GitHub - alexander-turner/alt-text-llm: AI-powered alt text generation and labeling tools for markdown content

3 min read Original article ↗

alt-text-llm

AI-powered alt text generation and labeling tools for markdown content. Originally developed for my website (repo).

Features

  • Intelligent scanning - Detects images/videos missing meaningful alt text (ignores empty alt="")
  • AI-powered generation - Uses LLM of your choice to create context-aware alt text suggestions
  • Interactive labeling - Manually review and edit LLM suggestions. Images display directly in your terminal
  • Automatic application - Apply approved captions back to your markdown files

A labeled example of the labeling pipeline: 1) view the context for an image, 2) view the image itself, while 3) editing the AI-generated label suggestion.

Installation

From PyPI

Automated setup (includes system dependencies)

git clone https://github.com/alexander-turner/alt-text-llm.git
cd alt-text-llm
./setup.sh

Prerequisites

macOS:

brew install imagemagick ffmpeg imgcat
pip install llm

Linux:

sudo apt-get install imagemagick ffmpeg
pip install llm
# imgcat: curl -sL https://iterm2.com/utilities/imgcat -o ~/.local/bin/imgcat && chmod +x ~/.local/bin/imgcat

Usage

The tool provides four main commands: scan, generate, label, and apply.

1. Scan for missing alt text

Scan your markdown files to find images without meaningful alt text:

alt-text-llm scan --root /path/to/markdown/files

This creates asset_queue.json with all assets needing alt text.
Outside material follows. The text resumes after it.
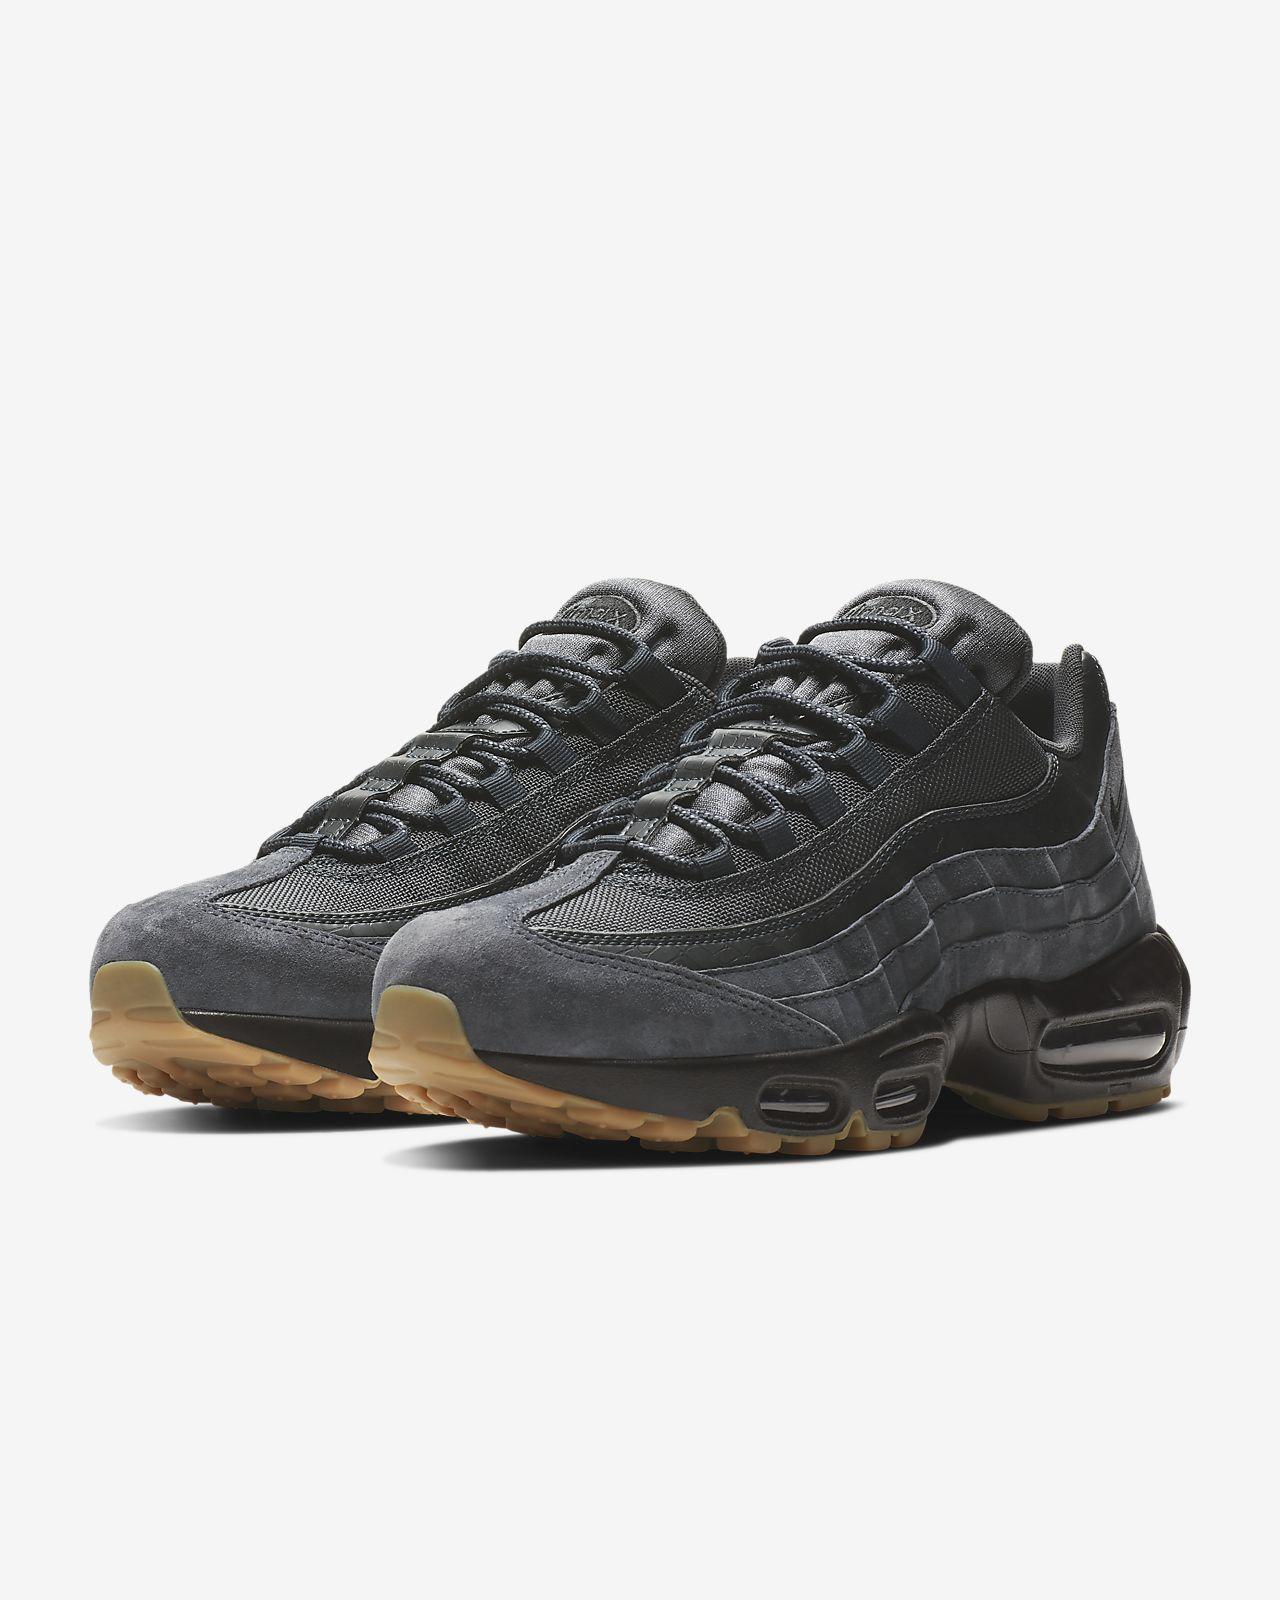 hot sale online 3b874 c1f32 ... Nike Air Max 95 SE Men s Shoe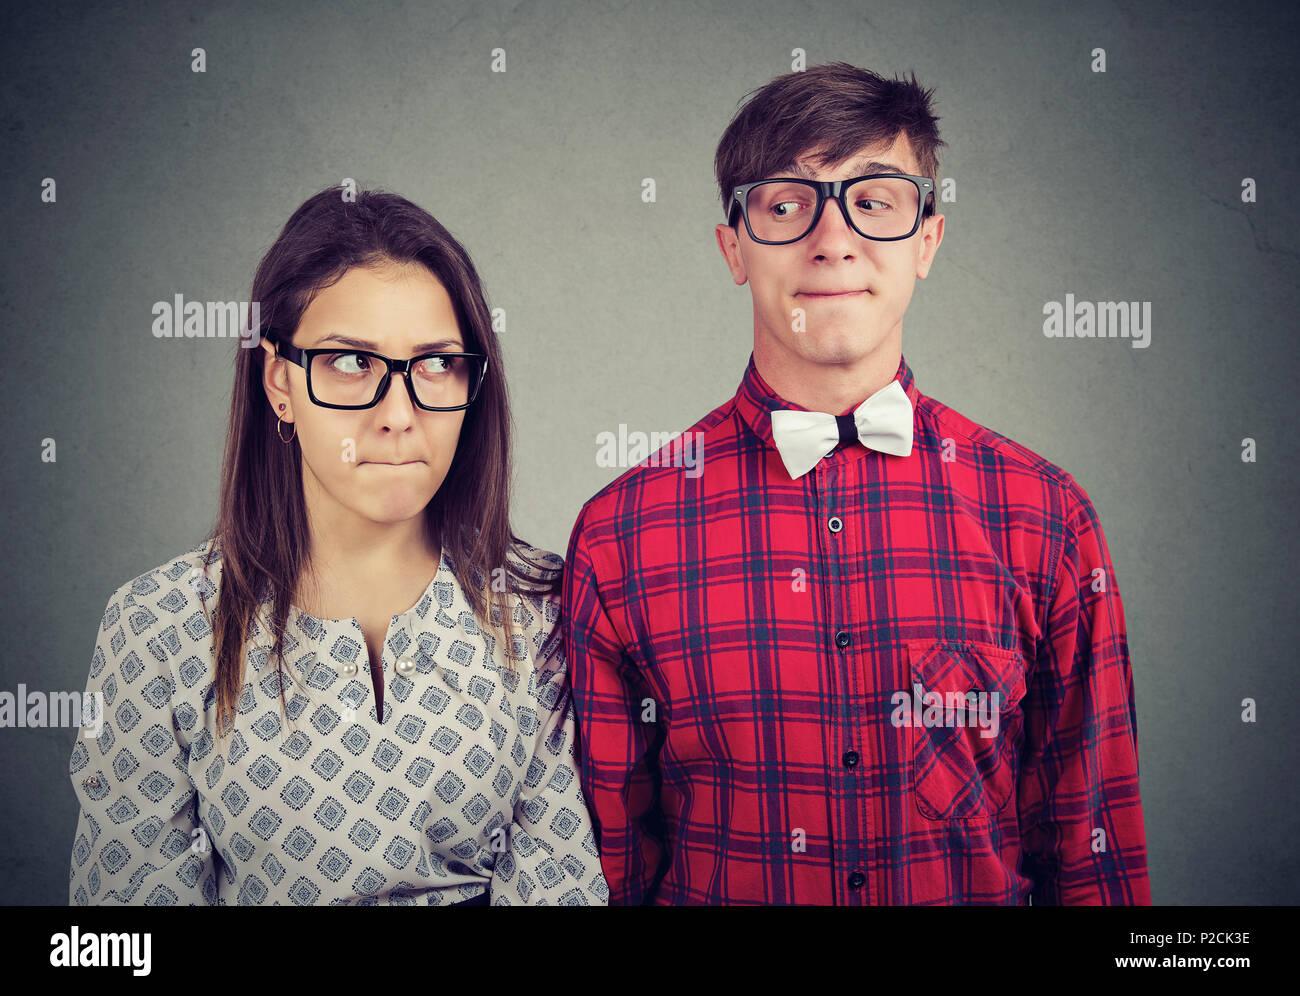 Jeune homme et femme sur la sensation d'être maladroite en date situation embarrassée Photo Stock

2. Generate AI suggestions

Generate alt text suggestions using an LLM:

alt-text-llm generate \
  --root /path/to/markdown/files \
  --model gemini-2.5-flash \
  --suggestions-file suggested_alts.json

Available options:

  • --model (required) - LLM model to use (e.g., gemini-2.5-flash, gpt-4o-mini, claude-3-5-sonnet)
  • --max-chars - Maximum characters for alt text (default: 300)
  • --timeout - LLM timeout in seconds (default: 120)
  • --estimate-only - Only show cost estimate without generating
  • --process-existing - Also process assets that already have captions

Cost estimation:

alt-text-llm generate \
  --root /path/to/markdown/files \
  --model gemini-2.5-flash \
  --estimate-only

3. Label and approve suggestions

Interactively review and approve the AI-generated suggestions:

alt-text-llm label \
  --suggestions-file suggested_alts.json \
  --output asset_captions.json

Interactive commands:

  • Edit the suggested alt text (vim keybindings enabled)
  • Press Enter to accept the suggestion as-is
  • Submit undo or u to go back to the previous item
  • Images display in your terminal (requires imgcat)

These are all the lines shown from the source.